There were 3,080 housing units, of which 23.6% were vacant. Among occupied housing units, 76.4% were owner-occupied and 23.6% were renter-occupied. The homeowner vacancy rate was 2.2% and the rental vacancy rate was 14.0%.

===2000 census===

As of the 2000 census, there were 6,525 people, 2,481 households, and 1,639 families residing in the county. The population density was 9 /mi2. There were 3,228 housing units at an average density of 4 /mi2. The racial makeup of the county was 93.67% White, 3.56% Black or African American, 0.48% Native American, 0.25% Asian, 0.02% Pacific Islander, 0.86% from other races, and 1.18% from two or more races. Hispanic or Latino of any race were 3.59% of the population.
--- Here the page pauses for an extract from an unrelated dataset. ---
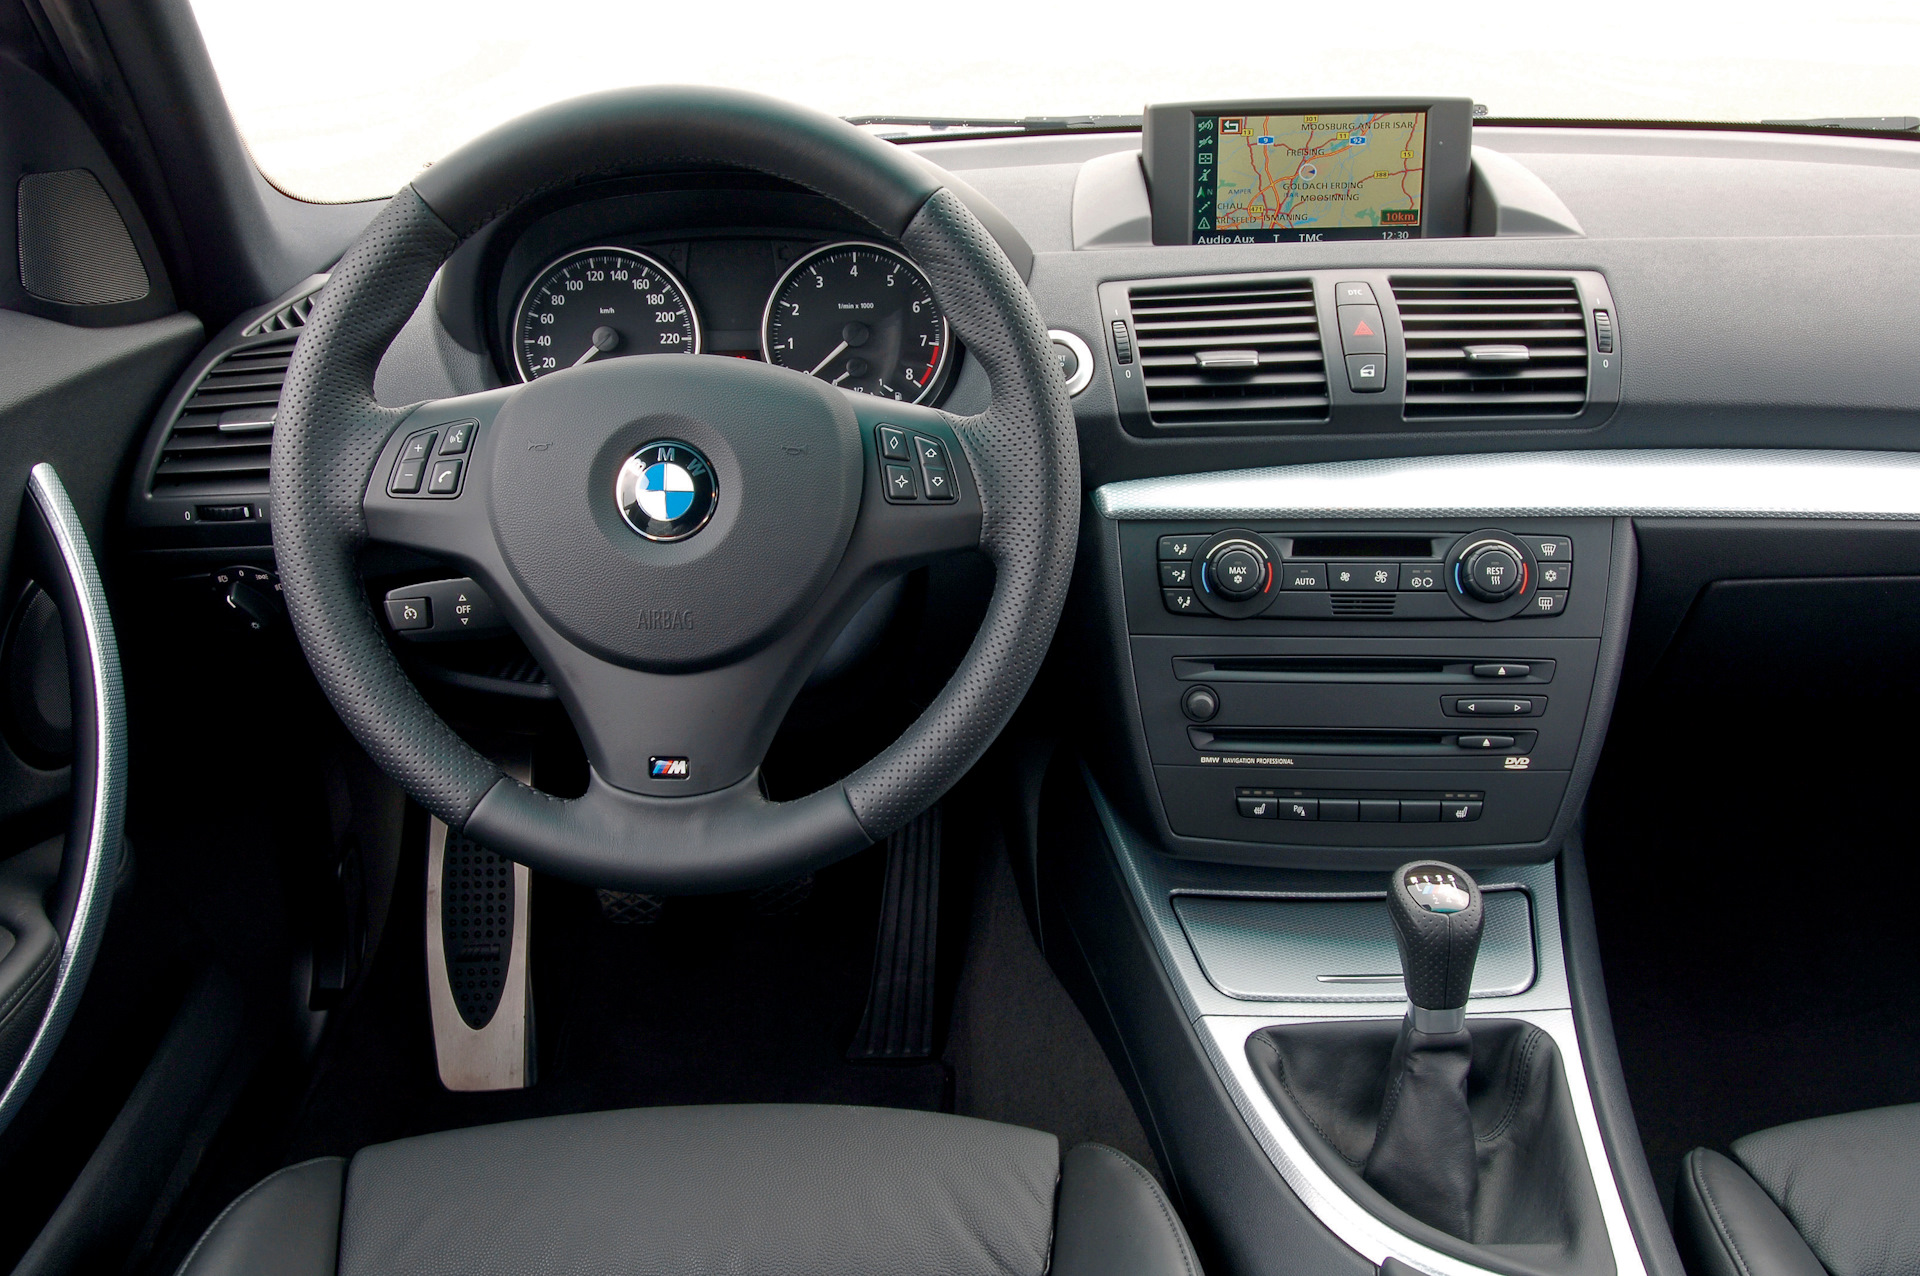 Как закрыть люк на BMW 1-Series Е87 вручную?

There were 2,481 households, out of which 27.90% had children under the age of 18 living with them, 57.20% were married couples living together, 6.20% had a female householder with no husband present, and 33.90% were non-families. 31.40% of all households were made up of individuals, and 17.30% had someone living alone who was 65 years of age or older. The average household size was 2.30 and the average family size was 2.88.
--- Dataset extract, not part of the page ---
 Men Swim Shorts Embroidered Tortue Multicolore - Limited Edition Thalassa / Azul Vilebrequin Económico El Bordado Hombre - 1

In the county, the population was spread out, with 21.40% under the age of 18, 7.30% from 18 to 24, 27.10% from 25 to 44, 23.80% from 45 to 64, and 20.40% who were 65 years of age or older. The median age was 42 years. For every 100 females there were 111.90 males. For every 100 females age 18 and over, there were 114.10 males.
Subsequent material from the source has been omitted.